Wim Matthyssen (@wmatthyssen)

Step by step: Installing SCAC 2012 R2

3:31 pm in Azure, Cloud, hybrid cloud, Private Cloud, scac by Wim Matthyssen

Even in these fast changing times where everybody speaks about Windows Azure Pack (WAP) and the just released Microsoft Azure Stack Technical Preview, there are still customers interested in using System Center App Controller (SCAC) 2012 R2 for easily controlling their clip_image002hybrid cloud environment. Like you probably already know, SCAC is a self-service web portal which enables users (mostly application and service owners) to manage their virtual machines (VMs) and services on their private (System Center Virtual Machine Manger –SCVMM) or public cloud infrastructures (Windows Azure). Shortly said it’s a web console (Microsoft Silverlight web application) which provides users with a self-service experience and which simplifies the management of their VMs across their private and public cloud(s). In this blog post I will go through the installation process for setting up a standalone SCAC configuration on a dedicated VM.

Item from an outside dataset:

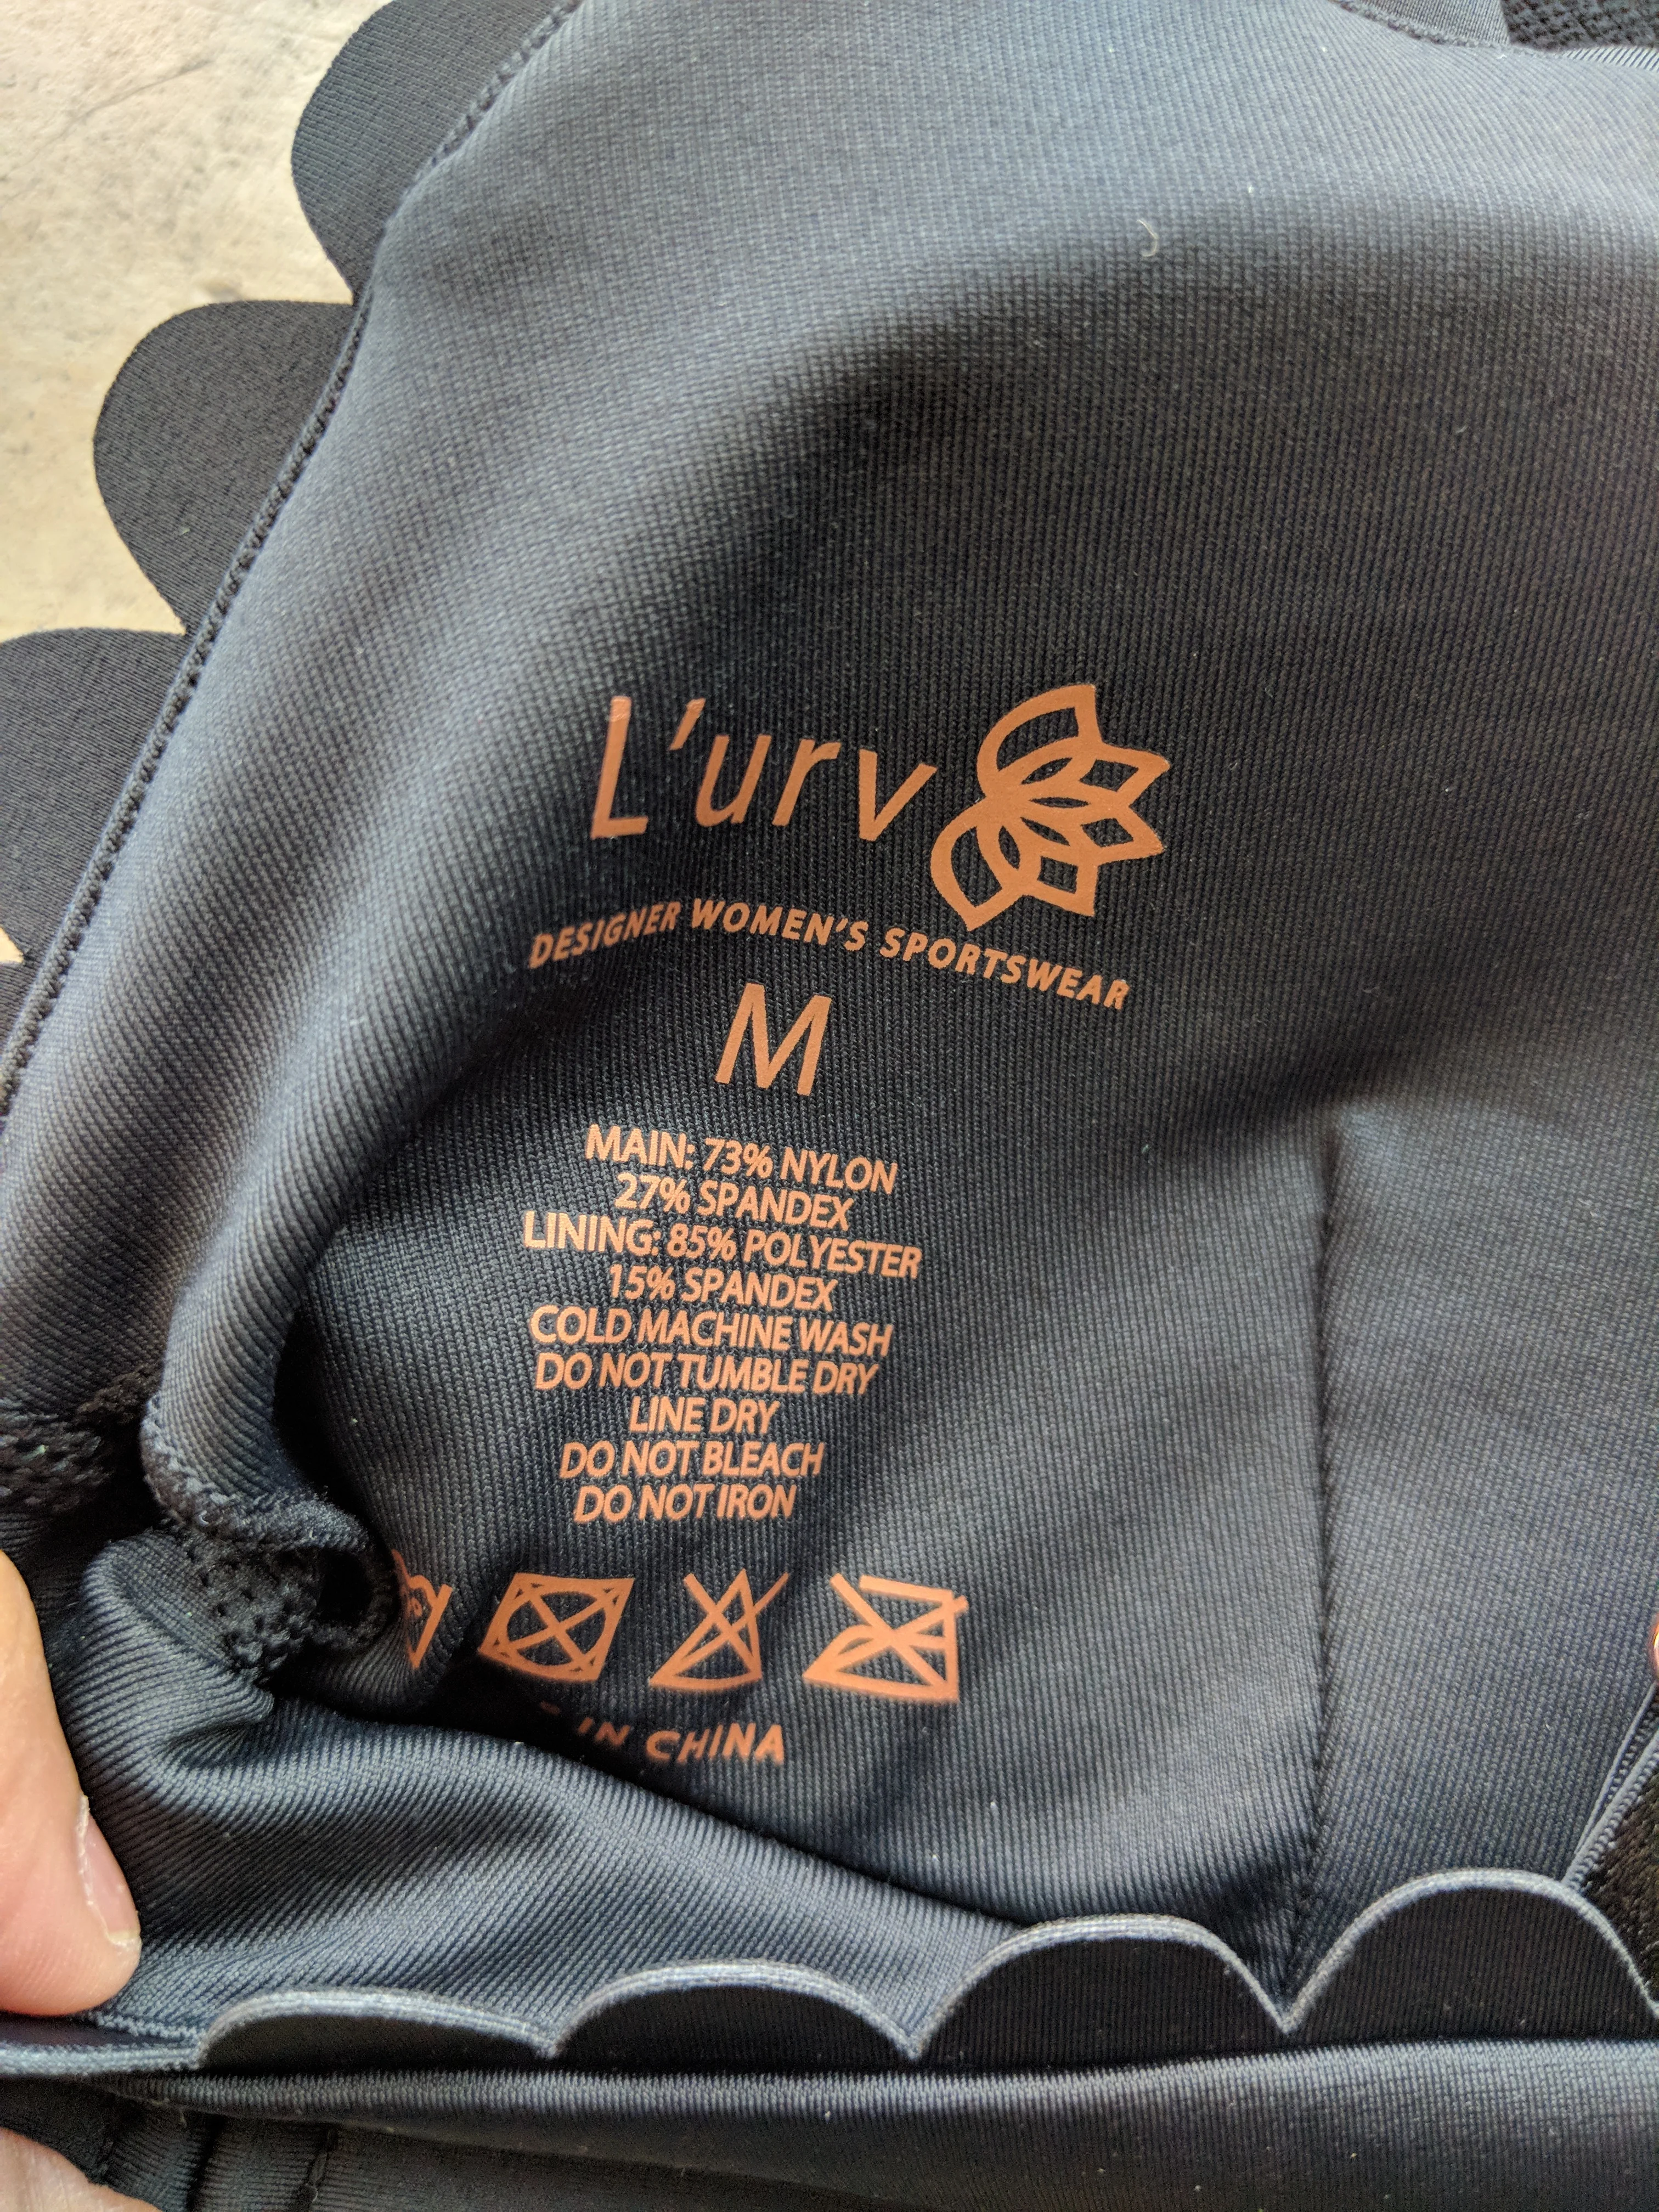 L'URV Activewear - I'm On Clouds Bralette - Label Detail

To start, I will list some things up which need to be kept in mind:

  • In contrast to the other System Center products, which can be used independently, SCAC highly depends on SCVMM. So to setup the SCVMM server I will refer you towards a previous post of mine: http://scug.be/wim/2015/12/20/step-by-step-installing-a-standalone-scvmm-2012-r2-management-server/
  • The SCAC server needs to be a member of your Active Directory domain.
  • For complete SCAC software and hardware requirements go to the following Microsoft TechNet page: https://technet.microsoft.com/en-us/library/dn249764.aspx
  • The name of the server can have a maximum length of 15 characters.
  • You can setup a high available (HA) deployment by load-balancing multiple SCAC servers.
  • The SCAC database can reside on a SQL server with other application databases. For example, in combination with the SCVMM database.
  • The SCAC database must be in the same domain as the SCAC server or a two-way trust must be in place.
  • Choose the port for the web portal with care, because the only way to change it is by uninstalling and reinstalling SCAC.
  • Always install all necessary Windows updates before starting the installation
  • Create all necessary account(s) in advance: SCAC service account.
  • For easy access afterwards you can create a  DNS alias record (CNAME) for the SCAC website URL. For exampe: AppController.
  • For security SCAC depends on SCVMM, so all available options for a user depends completely on the rights and permissions that that user has in SCVMM.
  • The SCAC server will be installed on a W2K12 R2 VM with the Windows Firewall disabled.
  • For the installation, log on with a domain account which is a member of the SCVMM Administrators group and which has membership in the local Administrators group. Also insure this account has sufficient rights to access the SQL server.
  • When SCAC is installed all users and groups in the local Administrator group are automatically added to the SCAC Administrator role and by this they will have unrestricted access to all SCAC resources.
  • The SCAC PowerShell module is automatically installed when you install SCAC.
  • If the installation is completed with success, don’t forget to install the latest Update Rollup package for the SCVMM console, you can do this via Windows Update or manually.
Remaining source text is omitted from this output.